Já tinha lido algo sobre as experiências de Huxley com mescalina, uma das substâncias extraídas de alguns tipos de cactus da espécie Lophophora Williamsii, facilmente encontrado em todo o estado da Califórnia e do Novo México.
        Existem vários estudos sobre os efeitos alucinógenos da mescalina, e da utilização daqueles cactus em rituais religiosos por tribos indígenas, como os Huichols mexicanos no ritual do peyote. As descrições fantásticas de Huxley influenciaram Marian a escolher a substância que iria distanciá-la do seu cotidiano fastidioso.
        Ela conseguiu aproximadamente 500mg de mescalina em cápsulas gelatinosas de um professor de psicologia da Universidade de Los Angeles que cultivava cactus em seu jardim para consumo próprio. Aquela quantidade era suficiente para provocar alucinações cerca de doze horas com efeitos fortíssimos,comparados ao LSD.
Era uma Noite perfeita, plenilúnio; Lua estava presente, como em todos os grandes momentos da sua vida. Pela janela do seu quarto penetrava um rastro de luz. Marian, sentada no chão, procurava em meio aos seus vinis algo que a fizesse lembrar do tempo em que a vida fazia algum sentido, algo que a fizesse esquecer da angústia que é viver o presente ciente do abismo que o separa das recordações do passado; e lá estava o “Wish”, a trilha sonora para um sonho.
Marian só sentiu as primeiras alterações em seus sentidos uma hora depois de ingerir as cápsulas de mescalina. A partir daquele momento, nada mais seria real, ela sabia disto, mas as cores, a música, as formas à sua volta eram cada vez mais intensas e fascinantes.
        O florido papel de parede do seu mundo tornou-se um imenso jardim pela vez primeira que o tocou, logo fez questão de ter em seus braços o número maior de flores que conseguisse envolver, lá estava ela, deitada sobre o seu imenso jardim.

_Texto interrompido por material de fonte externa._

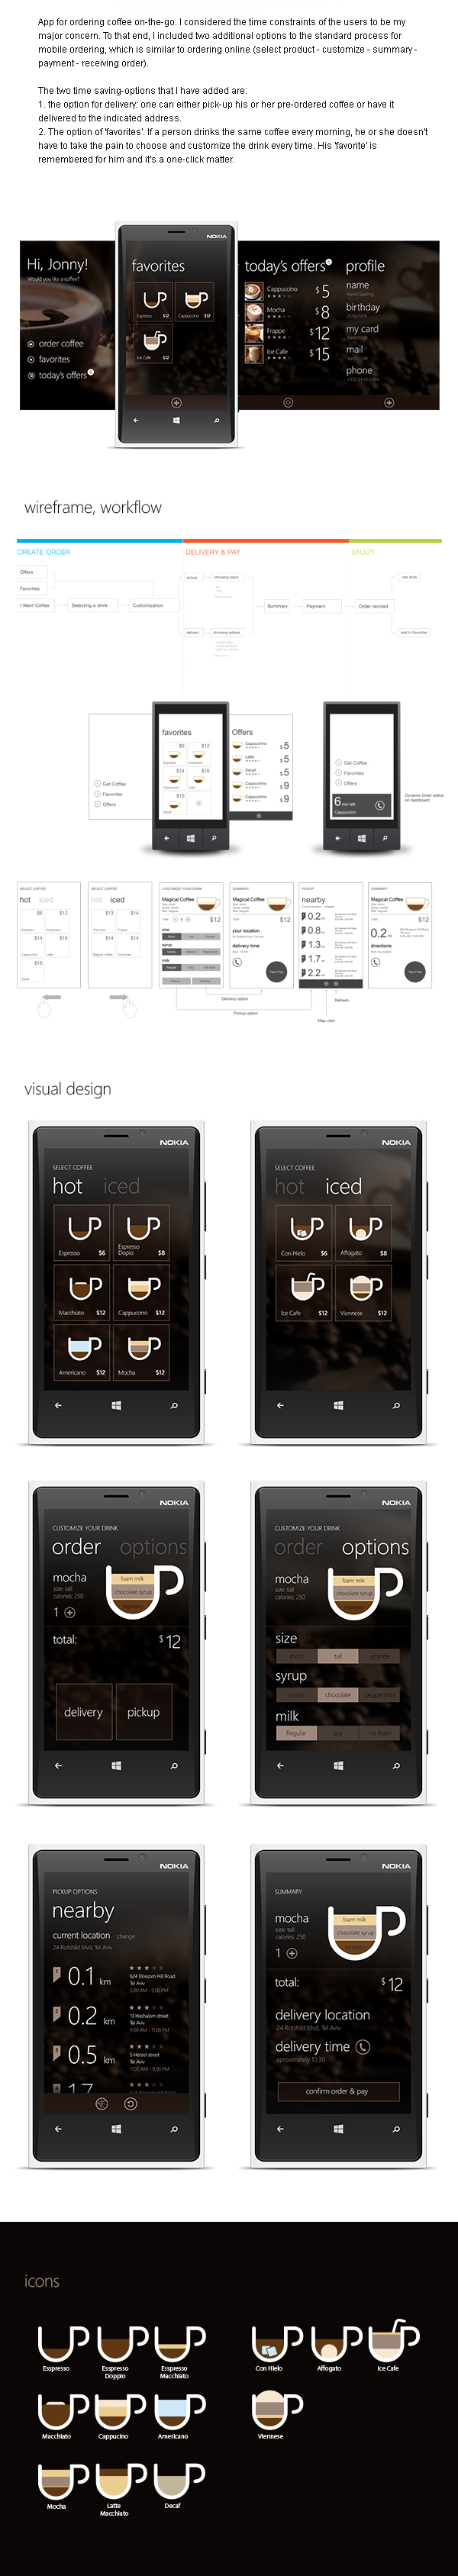 windows phone Coffee cafe Order app Windows 8 on-the-go application mobile metro UI ux interactive interaction

A música já era percebida ao leve toque de suas mãos ao ar, a melancolia da canção a fez chorar regando então todas aquelas flores, Marian cantou a sua música preferida...

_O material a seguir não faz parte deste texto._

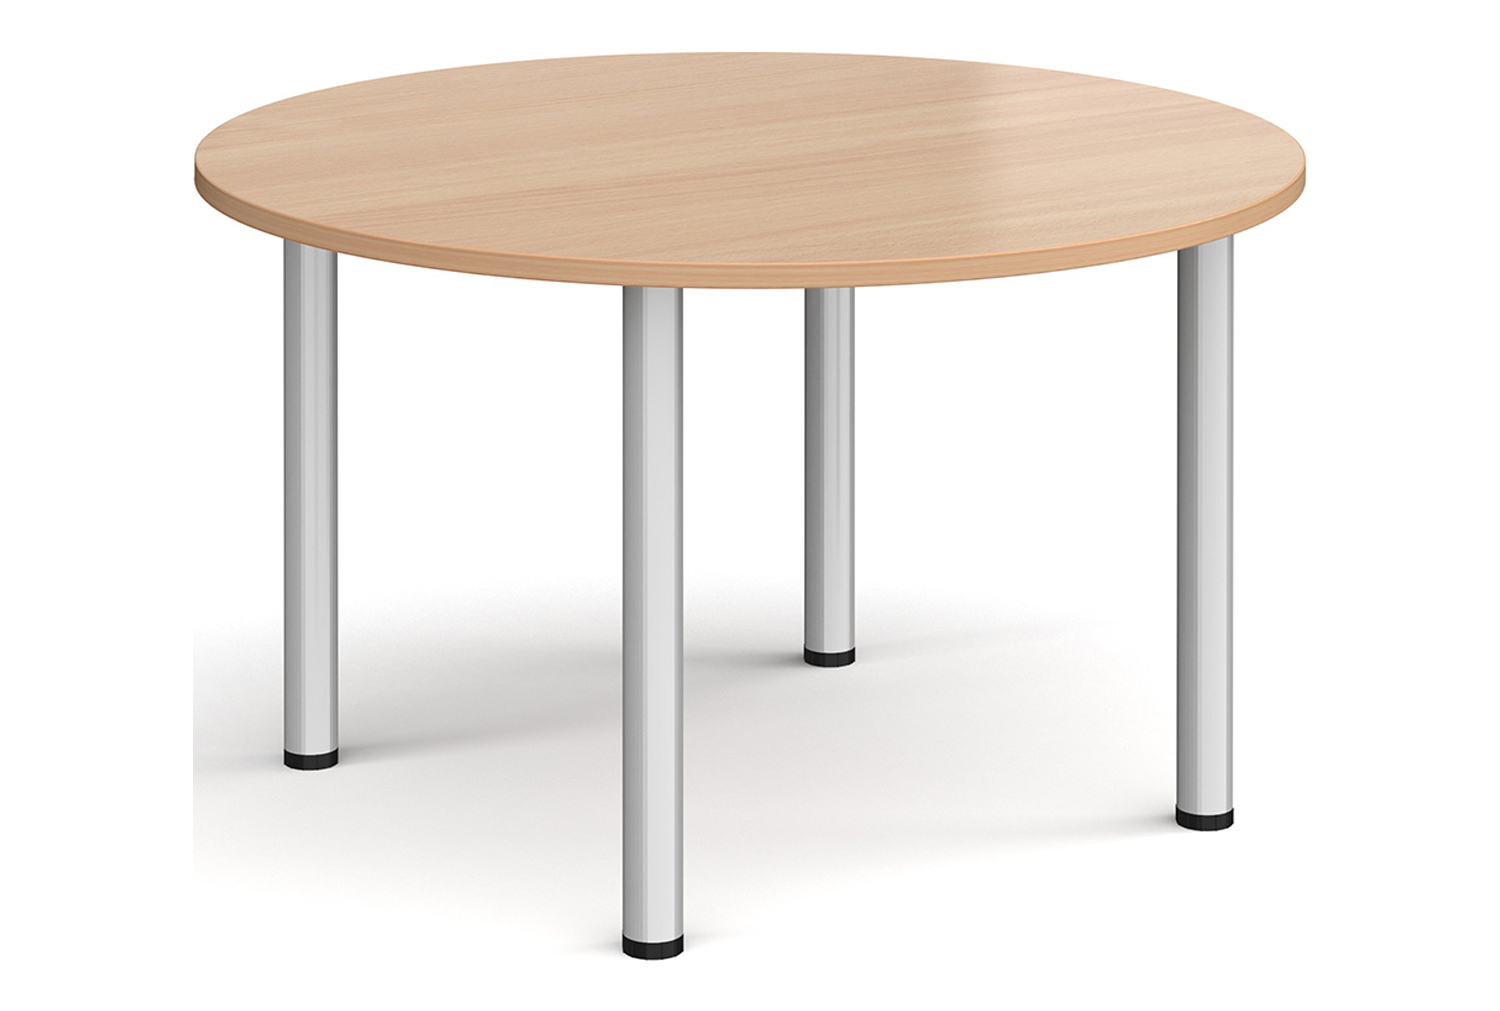 Bowers Round Meeting Table, 120diax73h (cm), Beech, Fully Installed

             “Remember how it used to be
              when the stars would fill the sky
              remember how we used to dream
              those nights would never end
              those nights would never end

              It was the sweetness of your skin
              It was the hope of all we might have been
              that filled me with the hope to wish impossible things
              to wish impossible things”

        Marian pairava, leve, permanecia encoberta por um espiral de flores perfumado por lírios, rosas e jasmins; distorções de cores vivas perfuravam a sua retina; Lua como que envolta em uma áurea rutilante ofuscava-lhe os olhos.
        Quando tinha vinte e poucos anos ela sonhava em estar um dia correndo por um daqueles campos holandeses de cultivo de flores, livre. Naquele instante, por expansão do tempo e espaço, Marian deitada em seu leito vivia as sensações daquele sonho de forma tão real que se podia ver a satisfação expressa em seu rosto.

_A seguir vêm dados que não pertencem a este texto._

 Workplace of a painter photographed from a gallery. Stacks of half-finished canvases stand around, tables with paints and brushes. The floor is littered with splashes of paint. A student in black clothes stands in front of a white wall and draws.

        Muitos acreditam que ao virmos a este mundo o nosso destino já está traçado, anteriormente determinado por algo que ainda não soubemos explicar. Os gregos mantinham a crença de que as filhas da Noite, as Parcas, entidades representadas por três irmãs, Cloto, Laquesis e Átropos governavam a sorte das criaturas humanas, teciam o fio da vida sem que ninguém pudesse interrompê-las nessa tarefa.
        As três velhas fiandeiras apareceram-lhe em redor da sua cama, vestidas com as suas túnicas cobertas por flores do seu jardim, vieram cumprir as suas funções. A Cloto, a menos velha  das três, cabia tecer o fio do destino, Laquesis se encarregou de colocar o fio no fuso, Átropos, a mais velha, cumpriu a tarefa de cortá-lo.
Talvez 50mg a menos de mescalina teria impedido que uma das Parcas ceifasse-lhe a vida, mas naquele instante nada mais importava, Marian com um quase sorriso na face dava vistas que havia encontrado o que sempre procurou, mergulhar em perspectivas infinitas.
        Logo o conturbado mundo viria a procurar respostas, e certamente não as obterá, não a verdadeira, pois esta permanece no íntimo daquela que se foi.
        Era Noite velha, quando na escuridão do quarto, Marian repousava com um ar sereno de satisfação, Lua descansava a pata em seu rosto tal qual um gesto de adeus, ali vida e morte se despediam cada uma à sua maneira.